Be a little bit more composed. Right, right, right. So break it down for us, kind of your core option strategy. What are you doing mostly of? What type of positions? So our sign-it-down strategy, which is, I would call it more active, 30 minutes per week, we're selling bullprop spreads or bear call spreads on the S&P 500 future option.

So the ticker is called ES, right? So we're basically, we are really far away with the bull put spread, bear call spreads. And then we cap the, we cap the risks, right? And we know our maximum, how much we could get paid because with spreads, you cap your profit, but you know, the most of your downside, right? And we're very far away in terms of, you know, when people are listening to this, understand what Delta is, we're really far away with Delta. We're really far away for our strike price.

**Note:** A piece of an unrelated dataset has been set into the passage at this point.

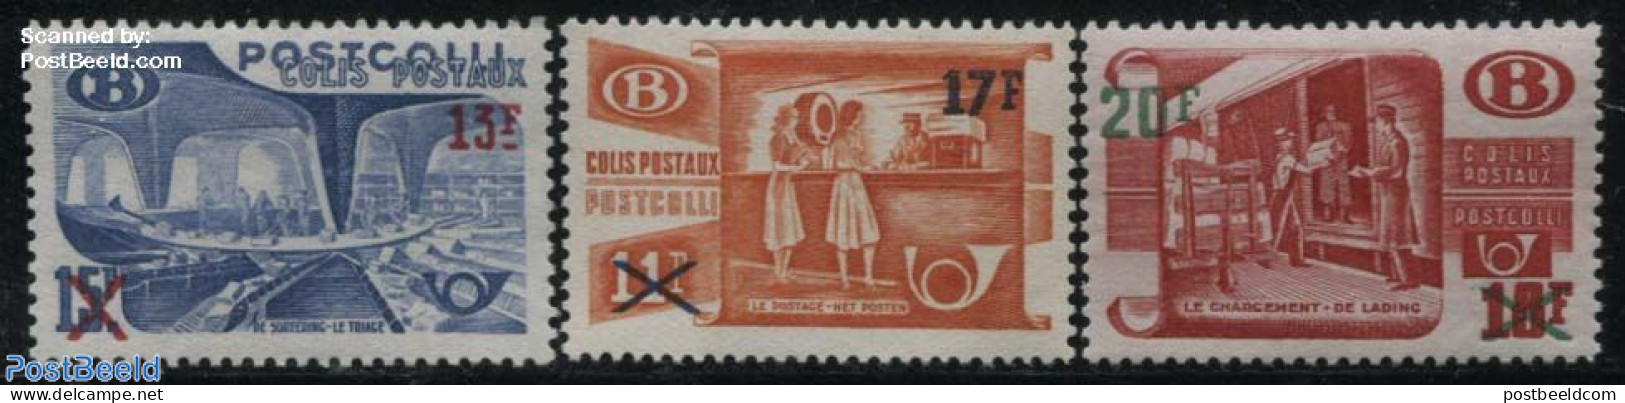 Belgium 1953 Parcel Stamps 3v, Unused (hinged), Transport - Railways - Nuovi

And, you know, we're just targeting. What does that mean far away? Like, give us an example. For example, if ES, you know, was a 6,100, our position was our bullpup spread strike price was around 55.

So around 10%, does that sound right? Yeah, it depends. If the VIX is higher, we can go further out, right? But typically a lot further out because the chance of S&P 500 drop 10% maybe happen one to two times every one to three years.

The last time it kind of happened like that, I guess now we've seen one, but it's not even within a month. So we can get away with a lot of things. Even when we're wrong, we're still right because time is on our side. So we want that. So we want more safety. We're not targeting anything crazy, maybe 10, 20% per year. And that's kind of what we're targeting. Sometimes higher, sometimes less, but that's our goal.

Cashflow, true cashflow, income replacing strategy. More active, but we don't need to pick any ticker. We don't have to do any stock analysis, really just macro news and what's the technical doing. And we study the institutional money and make sense and thinking when they're doing this, why are they doing this? And we track other stuff, institutional level stuff, as much as we can get on.

That's our set and done strategy. And then the other strategy is really, I just want to hold stocks at a cheaper price. So I go sell put options on individual stocks or even on ETF, right? I get paid premium upfront and I truly want to own it. But if I don't get to own it because the stock price didn't drop enough, so be it, I rinse and repeat.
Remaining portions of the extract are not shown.